Use of computer technology is making these materials even more beneficial. “The latest are modular components. The advantage with them is that they are light in weight and can be moulded according to the needs of individual patients,” says Pal. “Technology like computer-aided design/computer-aided manufacturing, which we have in Safdarjung, has led to precision in developing artificial limbs. After a prosthetic expert has fed details of an amputee in the computerised system, the machine produces the basic artificial limb itself,” he says.

Another landmark innovation is the micro-processors. These are electronic chips which when fitted on the skin can analyse signals from the muscles and help patients move limbs and fingers. Below-knee and below-elbow amputations are easier to be fitted with close-to-natural limbs.
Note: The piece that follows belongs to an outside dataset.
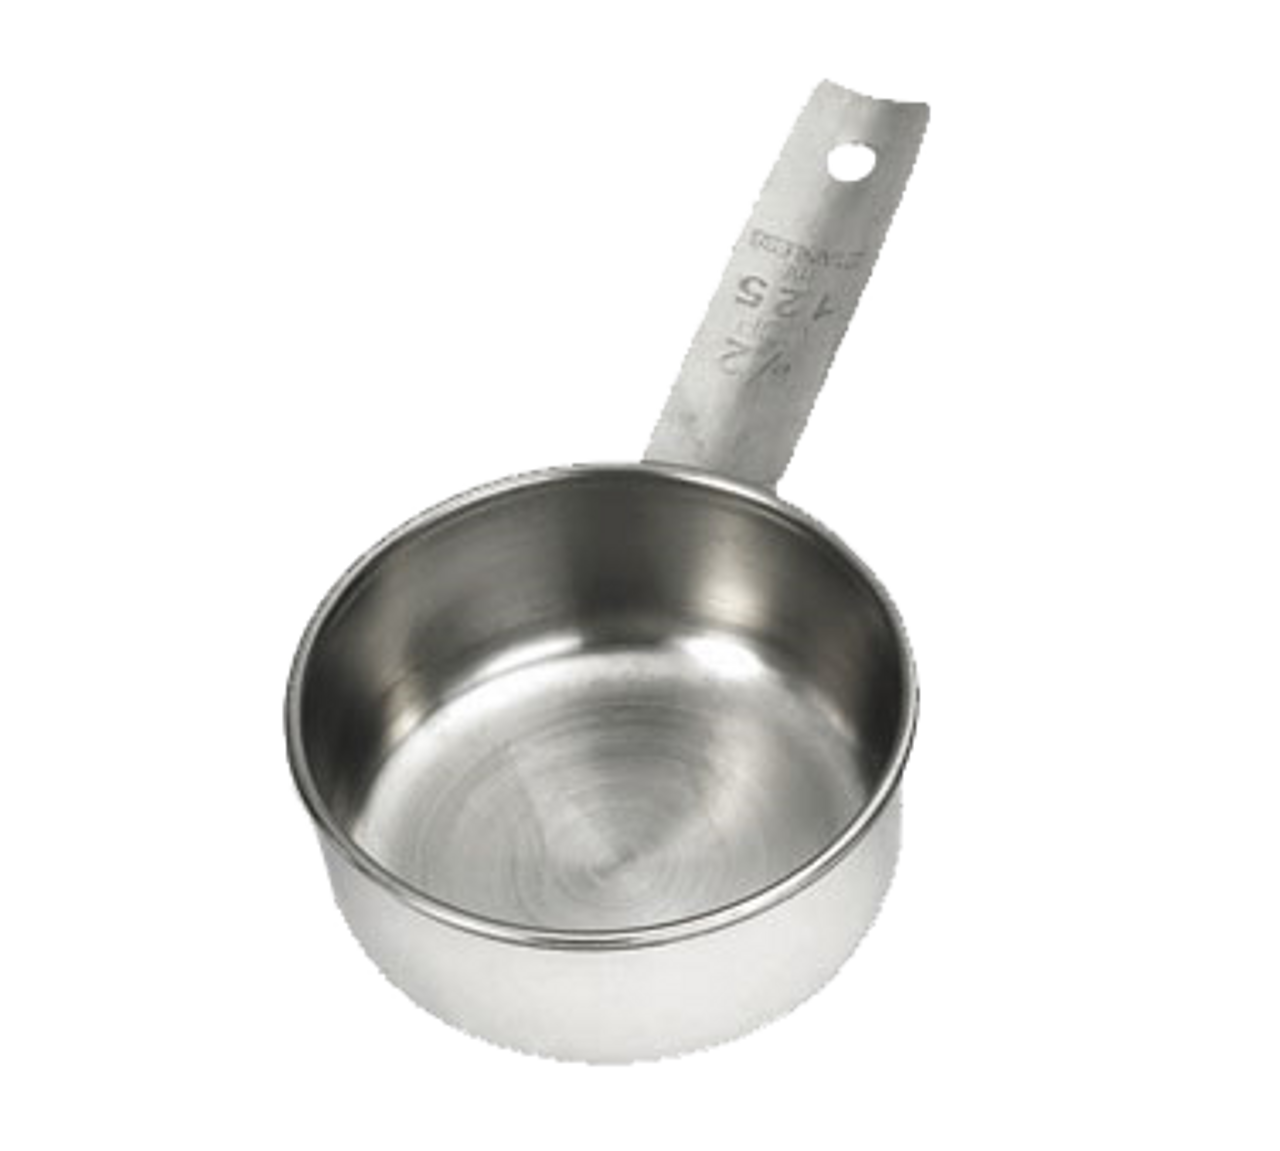 Tablecraft (724C) 1/2 Cup Stainless Steel Measuring Cup

Above-knee and above-elbow amputations do not achieve such efficiency due to the presence of a joint where sockets have to be put. Microprocessors have been a boon in such cases.

Where India lacks

Absence of indigenous research reflects in the prosthetics manufactured in our country. Carbon composites and titanium are still a far cry and archaic materials like stainless steel and aluminium alloys are still in use. Japan invented the first microprocessor in 1982 but the research has not even started in our country. Imported chips are costly and within the reach of only the rich.

Past examples have shown local manufacturing can bring down the costs substantially. A single-axis artificial limb used to cost Rs 13,000 when it was imported. When ALIMCO started manufacturing it the cost came down to Rs 1,900. For progress in this field the government needs not only to fund research but also bring engineers and prosthetists together to create quality work, say experts.

Indigenous research is needed for another important reason: to develop prostheses that suit Indian needs. Western and Indian cultural differences come in the way of importing technology and material as it is. “The Indian commode is different than the western commode and requires squatting. In solid ankle, cushion heel foot, which is the basic western design, squatting is not possible. Religious practices of Hindus and Muslims also need them to kneel. Again western design fails to be efficient in such movements,” says D R Mehta, founder and chief patron of BMVSS.

Experiments like Jaipur Foot can help. The organisation is known not only for cheap artificial limbs based on simpler technologies but also for designs more suited to Indian and south Asian conditions. It allows movements necessary while squatting and walking on uneven surfaces. The artificial foot costs less than Rs 1,000 and can be prepared within two to three days. Sophisticated limbs, on the other hand, are costlier and need 30 days of initial medical and clinical care.

Safdarjung hospital’s prosthetics and orthotics department has also been able to provide low cost prostheses to its patients. The department sources a relatively cheaper material and uses its own laboratory to prepare artificial limbs, thus bringing down the cost of prosthetics substantially. “What will cost Rs 9,000 in the market, we provide within Rs 2,000-3,000,” says Sohan Pal.